This post assumes you have read the [first]() post, which introduces generalized positional counting, and the [second](), which restricts the focus and specifies the general aim.

Thus far, the systems have been based on quadratic polynomials and two-term linear recurrences, or more directly, carries of width 2. With the complications from numbers larger than 1 addressed in the previous post, let's go back to Fibonacci.


Tribonacci and Beyond
---------------------

The *Tribonacci numbers* ([OEIS A000073](http://oeis.org/A000073)) come from elongating the Fibonacci recurrence to 3 terms. In other words, this is the carry/recurrence $\langle 1,1,1|$. The Tribonacci numbers are seeded with two zeros followed by a single 1; thus, the sequence begins $0, 0, 1, 1, 2, 4, 7, 13,\dots$ The *Tribonacci constant* is the limiting ratio of these numbers (i.e., the positive real root of $x^3 - x^2 - x - 1$) with approximate value $T = 1.8393…$. The value 2 bounds both this number and the terms in the recurrence, so its expansion can be deduced:

$$
\textcolor{red}{2} = 1.\textcolor{red}{111}_T = \textcolor{blue}{1.11}1_T = \textcolor{blue}{1}0.001_T
$$

Naturally, the string "111" will be illegal in both systems.
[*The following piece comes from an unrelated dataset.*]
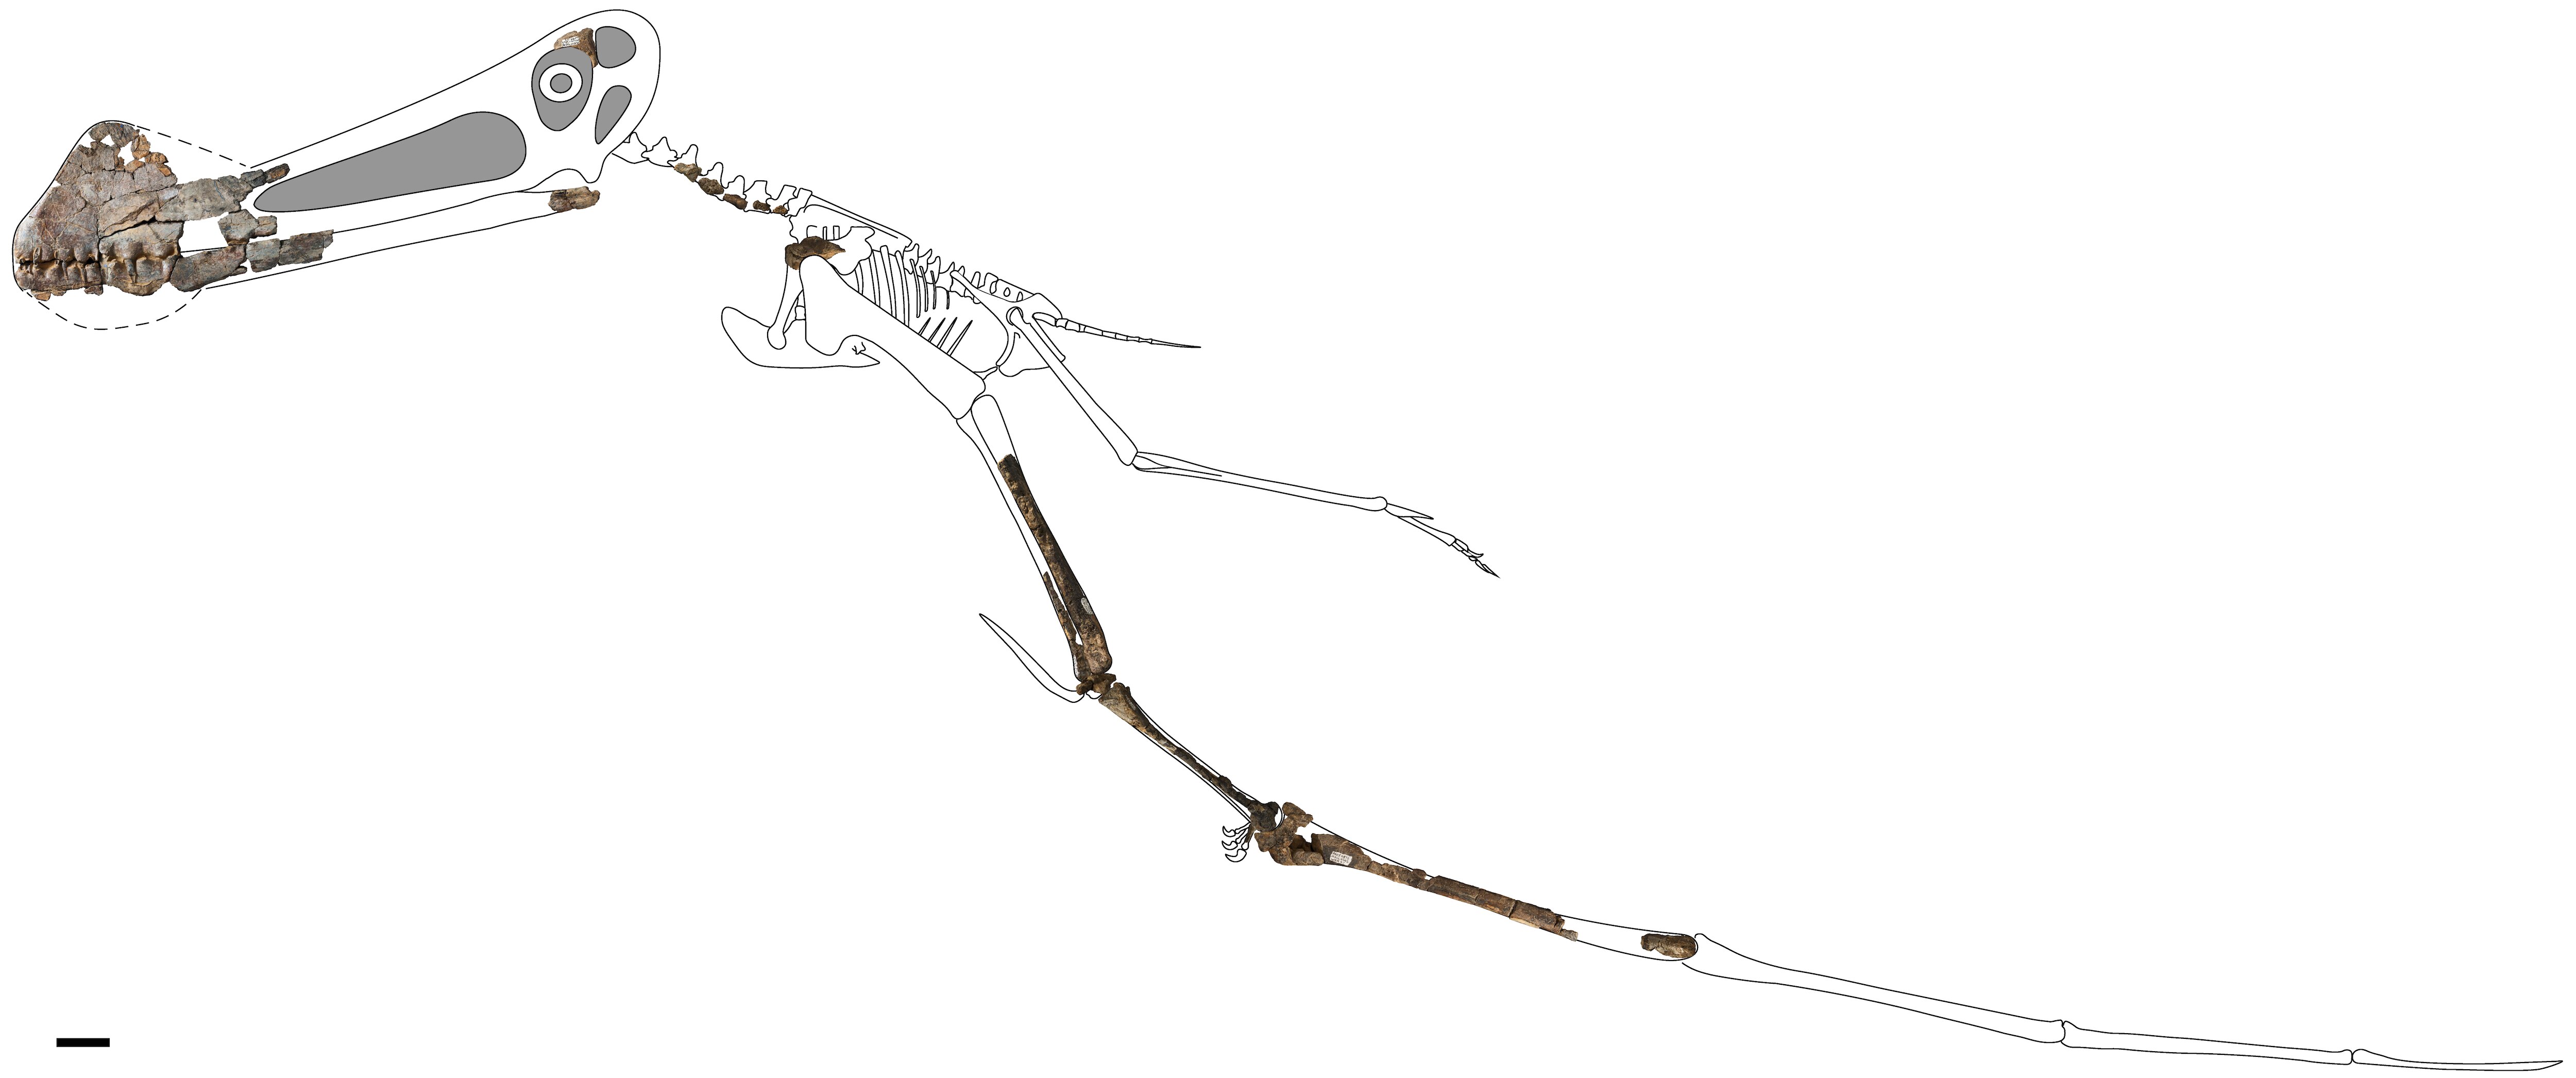 Skeletal reconstruction of a Ferrodraco lentoni

The Tribonacci expansions of the integers are as follows:

```{}
	Tribonacci Constant     Tribonacci
	(Base T)                 Numbers
	     ______
	3210 123456              7 4 2 1
0	   0                           0
1	   1                           1
2	  10.001                     1 0
3	  11.001                     1 1
4	 100.100011                1 0 0
5	 101.100011                1 0 1
6	 110.101011                1 1 0
7	1000.101011              1 0 0 0
8	1001.101011              1 0 0 1
9	1010.110100011           1 0 1 0
10	1100.010100011           1 0 1 1
```

Since "111" is a rarer string than "11", the integral base more closely resembles standard binary.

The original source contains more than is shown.